C'est ainsi que nous nous sommes retrouvés dans la voiture de la mère de Nico, le samedi des vacances, Thomas, celui qui nous a fait un marché scandaleux et moi.
Madame Dela Scalla est une femme adorable, qui a élevé son fils seule, comme mon père et celui de Thomas.
Enfin lui, on ne peut pas vraiment dire qu'elle l'a élevé. Disons plutôt qu'il l'a laissé livré à lui-même. D'ailleurs, Thomas le déteste, presque autant que sa mère (même si cette dernière a eu droit au summum de la haine). Mon ami ne parle jamais de son passé, à personne. Aujourd'hui encore, c'est trop douloureux.
La voiture poursuit sa route, nous emmenant dans un endroit qui m'est inconnu à 100%. Les arbres défilent et nous nous enfonçons dans la forêt, la lumière se faisant progressivement étouffer par les épaisseurs de feuilles.
Soudain, madame Dela Scalla freine, puis descend de la voiture. Je comprends que nous sommes arrivés. Pourtant, je ne vois rien qui ressemble à une colonie de vacances...
- Vous êtes arrivés, nous dit la mère de Nico avec un fort accent italien et en nous adressant un sourire.
Je sors de la voiture, suivi de Thomas, les jambes engourdies par le trajet en voiture.
- Merci pour le trajet, madame Dela Scalla, dis-je.
- De rien, fait-elle. (Elle se tourne vers Nico.) Conto su di per portarli vivi a destinazione, Nico. Stai attento. Odio sapere che sei in pericolo. Inviami un massaggio quando sei arrivato, ok ?
Je ne parle pas un traître mot d'italien, alors comprenez que je suis totalement largué.
- Mamma, dit Nico à son tour, ti ho già detto venti volte che i cellulari attirano tutti i mostri e che se ti mando un messaggio morirò sicuramente. Quindi no, nessun messaggio. Ma lo prometto, starò attento.
Madame Dela Scalla soupire (Nico est exaspérant, je suis d'accord avec vous madame) puis fait :
- Almeno aiuta i tuoi amici a tirare fuori i bagagli dal bagagliaio. Non ti ho cresciuto così.
Nico lève les yeux au ciel puis dit :
- Salut maman ! A la prochaine fois !
Il se tourne vers nous et nous fait signe de le suivre. Il ouvre le coffre et sort nos bagages. Je ne sais pas pourquoi, mais il nous avait dit de ne prendre qu'un seul sac à dos, et j'ai suivi son conseil. Le sien semble vide, et je ne comprends pas pourquoi.
La voiture s'éloigne, puis Nico nous dit :
- Bien ! On est presque arrivés, mais on va devoir finir le trajet à pied.
- Tu viens souvent à cette colo ? demandai-je, peu après que nous nous soyons mis en marche.
- A chaque période de vacances, répond le concerné. C'est là-bas que je suis le plus en sécurité. Enfin même le seul endroit où je le suis...
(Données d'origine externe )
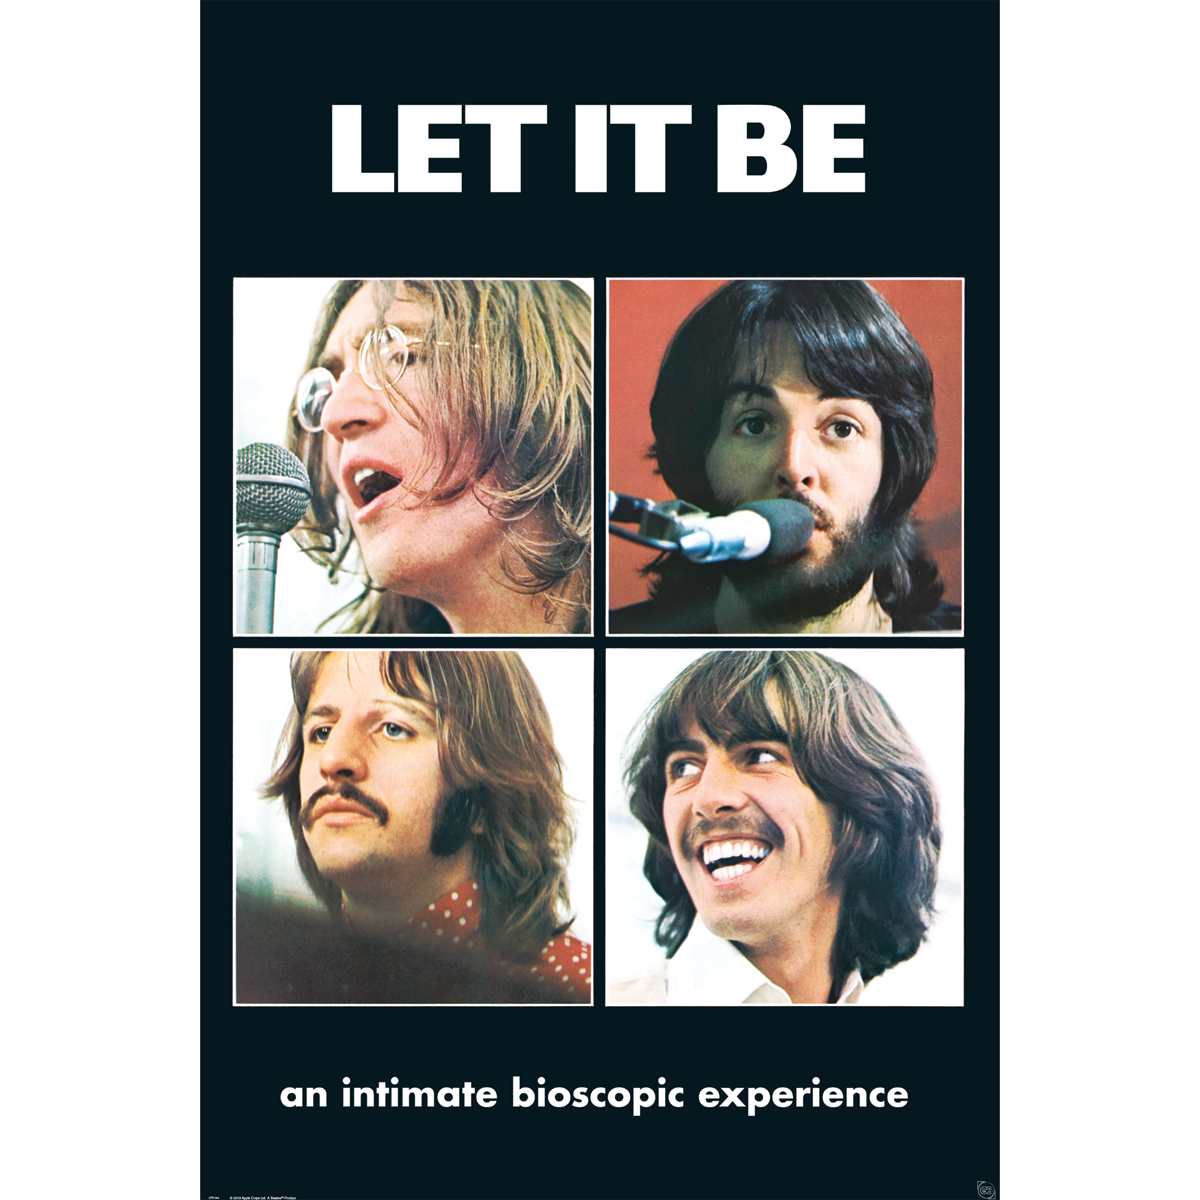 The Beatles - Let it be - Poster - multicolor

Thomas rigole, puis questionne :
- Qu'est-ce que tu crains tant ? Le poignard, la colonie de vacances et tout.
- Les monstres. Je les attire.
Je ne saurais dire pourquoi, mais j'ai la désagréable impression qu'il ne ment pas. Sauf que c'est impossible d'attirer les monstres... Non ? Nico hausse les épaules, puis ajoute, à la vue de nos têtes ahuries.
- Vous comprendrez.
Thomas se retient visiblement d'éclater de rire.
- Accélérez, nous dit finalement notre guide en jetant un coup d'œil inquiet derrière lui.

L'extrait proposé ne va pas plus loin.